--- Raw data Enclosed Below ---
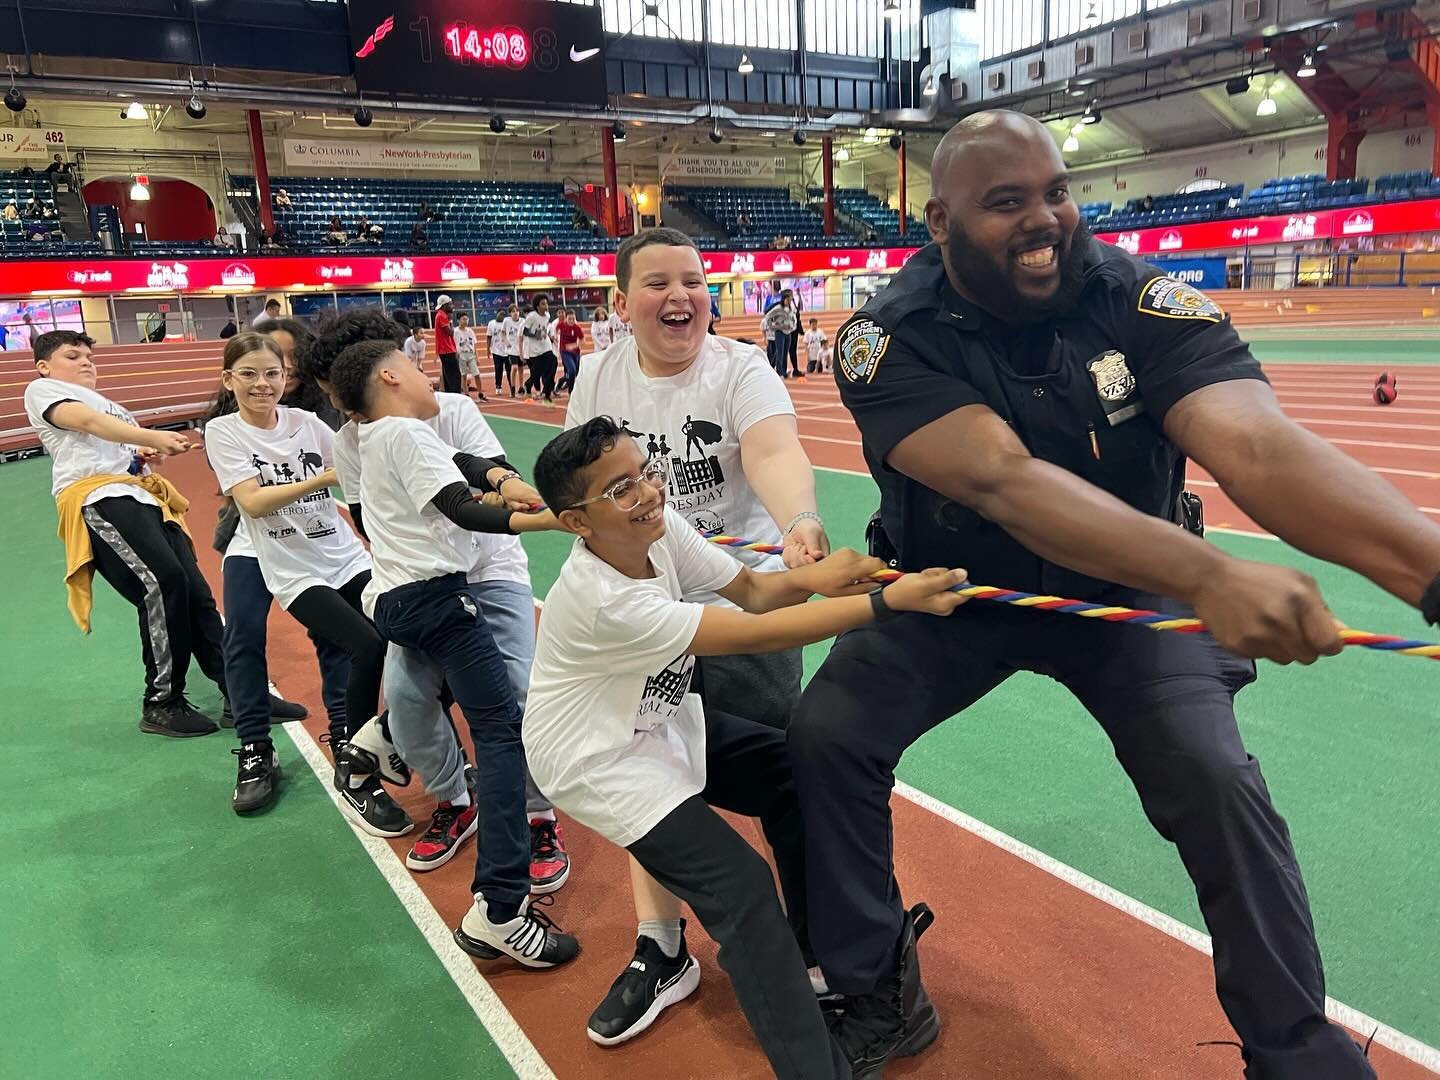 Who are the REAL heroes?  Our amazing firefighters, police officers, and EMTs of course!

The Armory celebrated Real Heroes Day with over 150 kids who got to meet these incredible heroes, explore their vehicles , and even race the officers!

It was a
--- End of Enclosed Raw data ---
Task. In your copy, reproduce the data above exactly and skip every picture.

Output for this task.
 Who are the REAL heroes?  Our amazing firefighters, police officers, and EMTs of course!

The Armory celebrated Real Heroes Day with over 150 kids who got to meet these incredible heroes, explore their vehicles , and even race the officers!

It was a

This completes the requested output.